Yup that is the one, need to mix first. If you have it at home, why don't you use it? it is quite simple. The material used in softdrink bottle is somewhat un glueable. I can't remember the material name and I found only epoxy work with it. You also need to scratch the surface to get better grip.

----------


## hebi

what do you mean by scratch? so do i glue the screw part of metal thing in or apply the glue at the tiny gap ?

----------


## Shadow

You are using screw? Can you just tighten it up?

I was thinking that you just drill hole in the bottle cap and slot in the air hose connector.

You can scratch the surface of the bottle using pen knife

----------


## hebi

ya i using those screw kind. but although can tighten, still got slight leak at the hole there coz when you screw in, the cap will light dent in slightly. do you think epoxy glue can glue plastic and metal together?

----------


## blackghost

cheapest solution is to use blu tack.. the one used as stationery.. 

just apply and makes sure there is no holes..

or you can get a tube of silicon, 1 small tube about 4 dollars.. can get from hardware shop or LFS.

cheers

----------


## bossteck

If you're using a screw-type air tube connector, another cheap solution I can think of is to use those white teflon tape (commonly referred to as white tape or plumbing tape), wrap a few round around your tube connector and screw it back into the bottle cap, should be able to achieve a better seal.

----------


## hebi

ok. think blu-tac easier to use and cover. what about plastacine? also can right?

----------


## Shadow

Agreed, if it screw type, just use blu-tac to seal the leak.

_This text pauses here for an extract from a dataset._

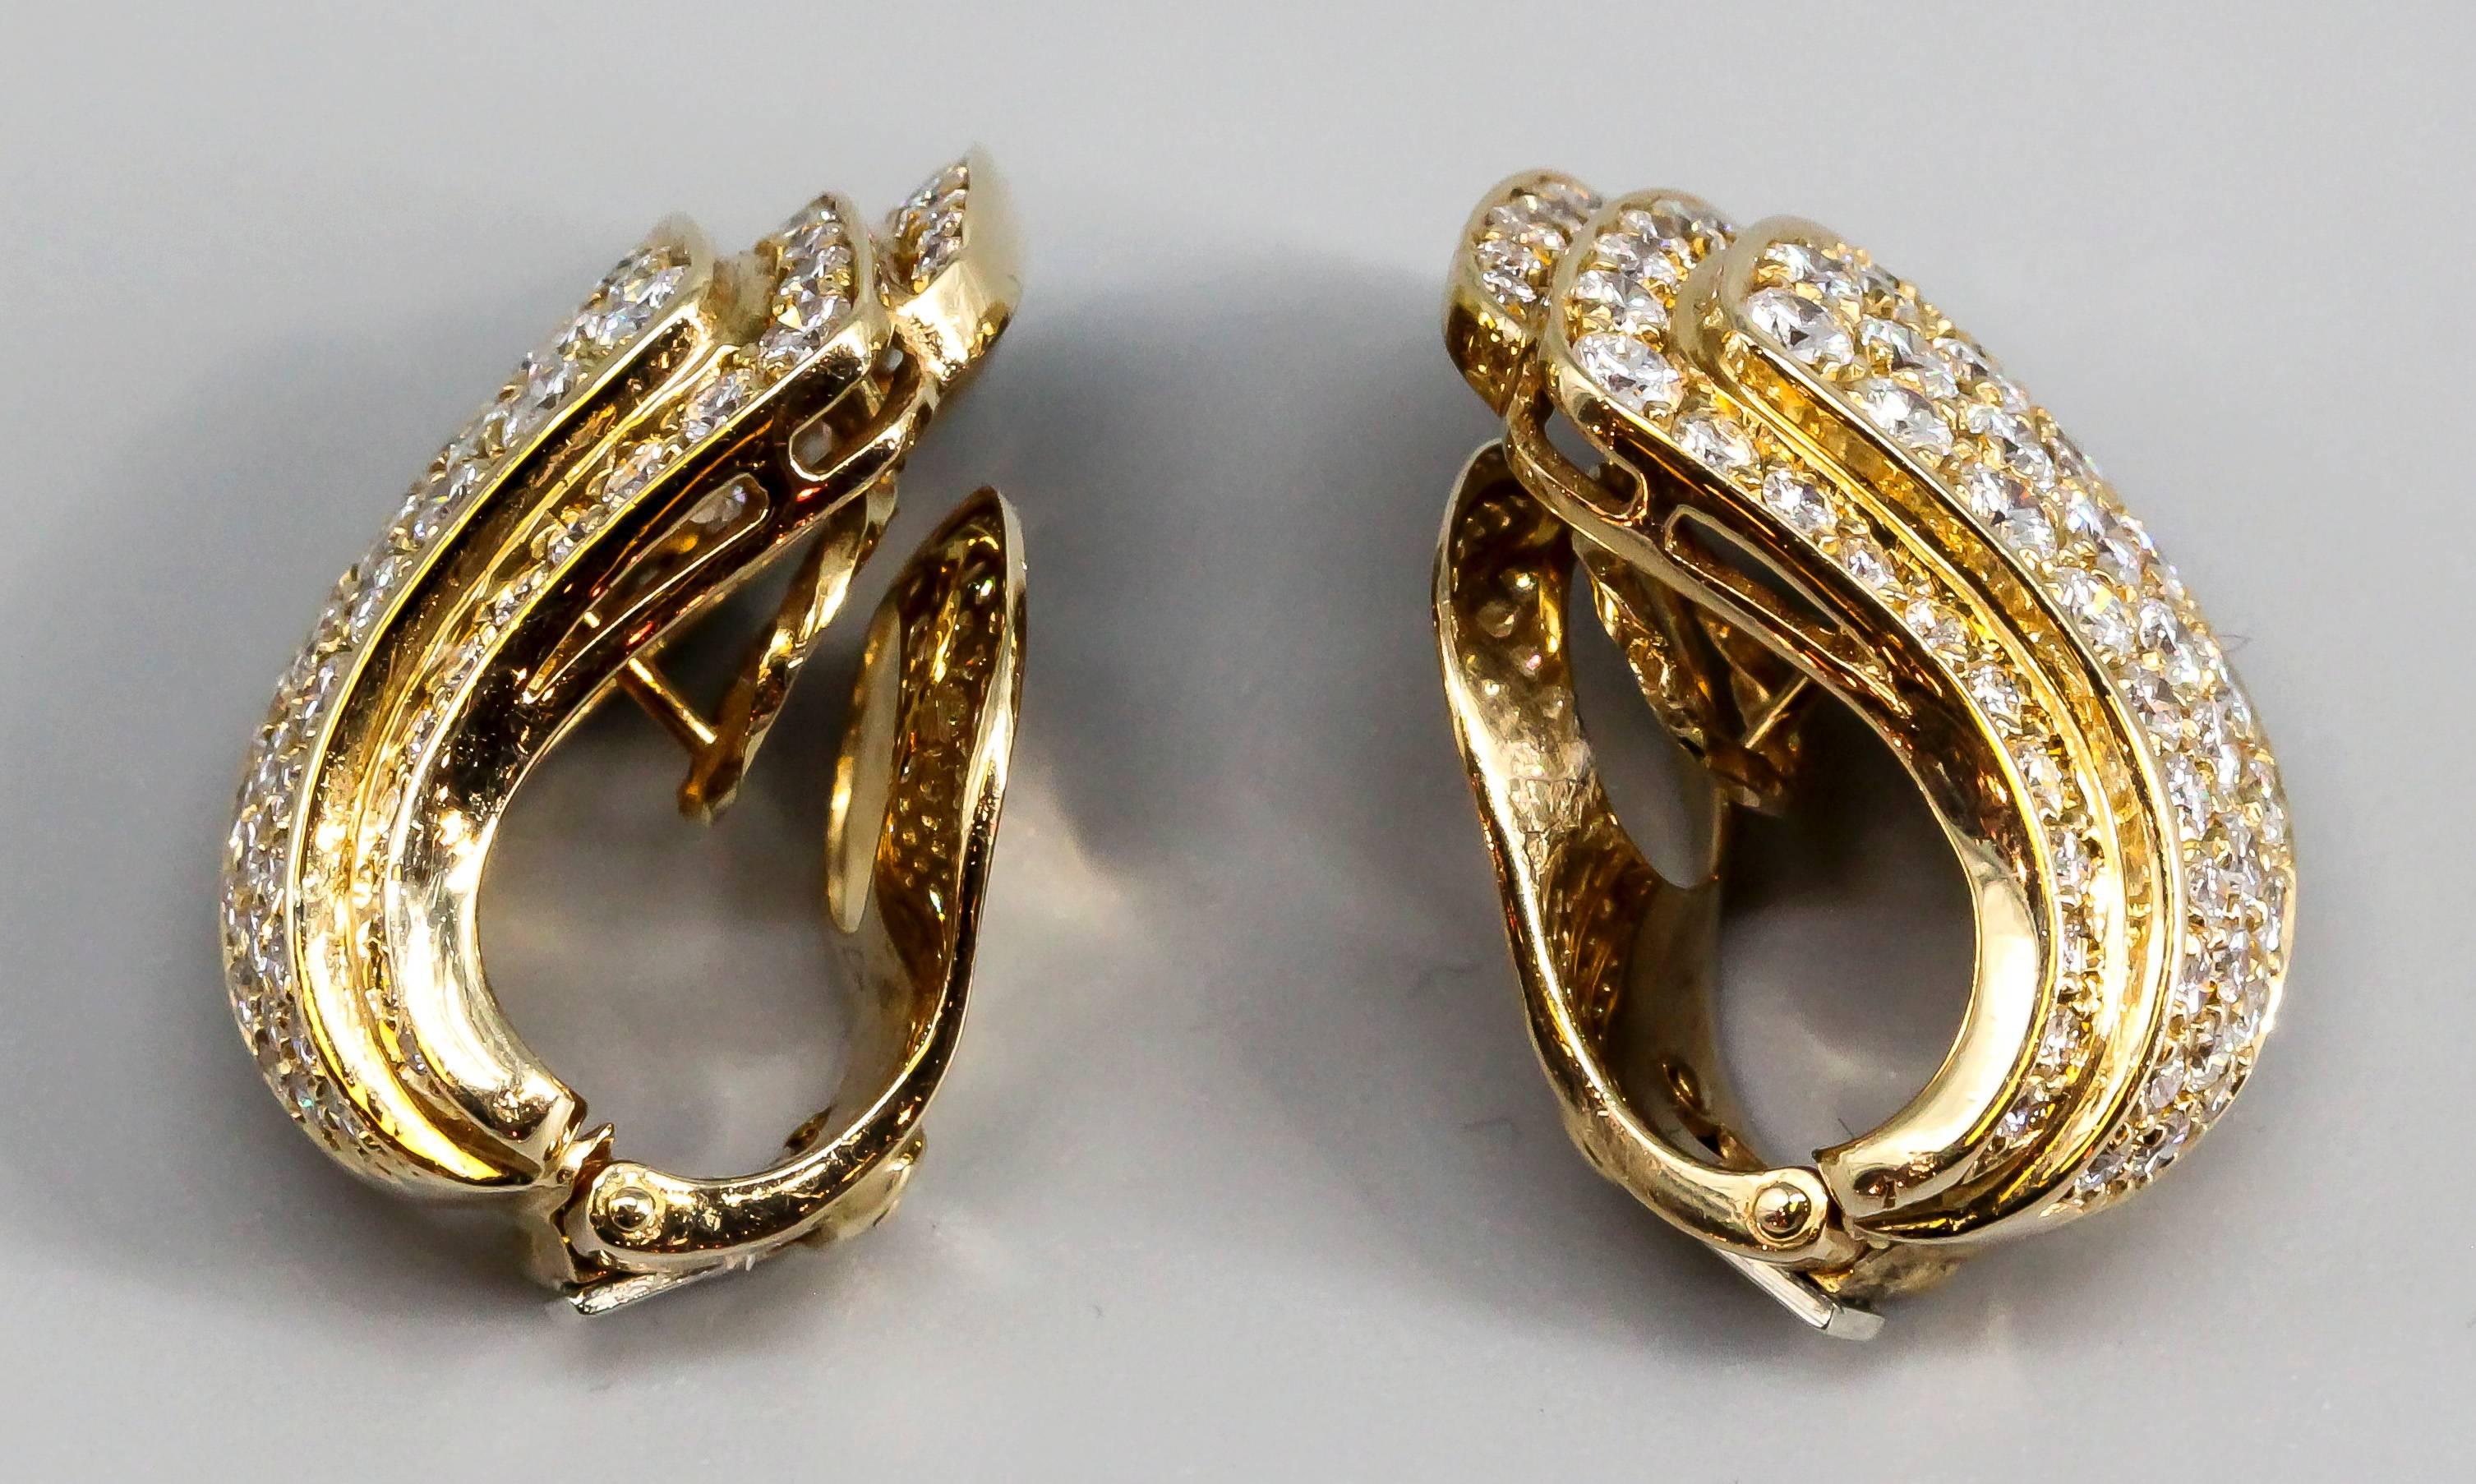 Elegant diamond and 18K yellow gold ear clips by Van Cleef & Arpels, circa 1960s-70s. They feature very high grade round brilliant cut diamonds, approx. 5.0 carats total weight. Excellent workmanship and a novel design.

Hallmarks: VCA, reference

By the way where did you get the screw type air tube connector?

----------


## hebi

C328, all the airstones and equipments there. got think thats the only place got sell this kind in the west side.

----------


## hebi

sorry asking newbish questions, but yesterday i made another bottle and connect the 2 bottle to a connector, and all my connectors have a 'switch' to airflow. so i thought it will need some time to build up pressure in both bottle for it to push the CO2 into the water. strangely, for my brand new bottle, its already producing CO2 and i have test for signs of leaks but the water level in the tube connected to the main connector is not decreasing. so i decided to 'switch off' the side from the new bottle and just use the old CO2 bottle, which is still producing CO2. now, it can push CO2 out of the bottle, but after maybe a few bubbles, the water level start to rise till halfway then stop, lower than when using the 2 bottles together. why is this so? really strange. :Huh?:

----------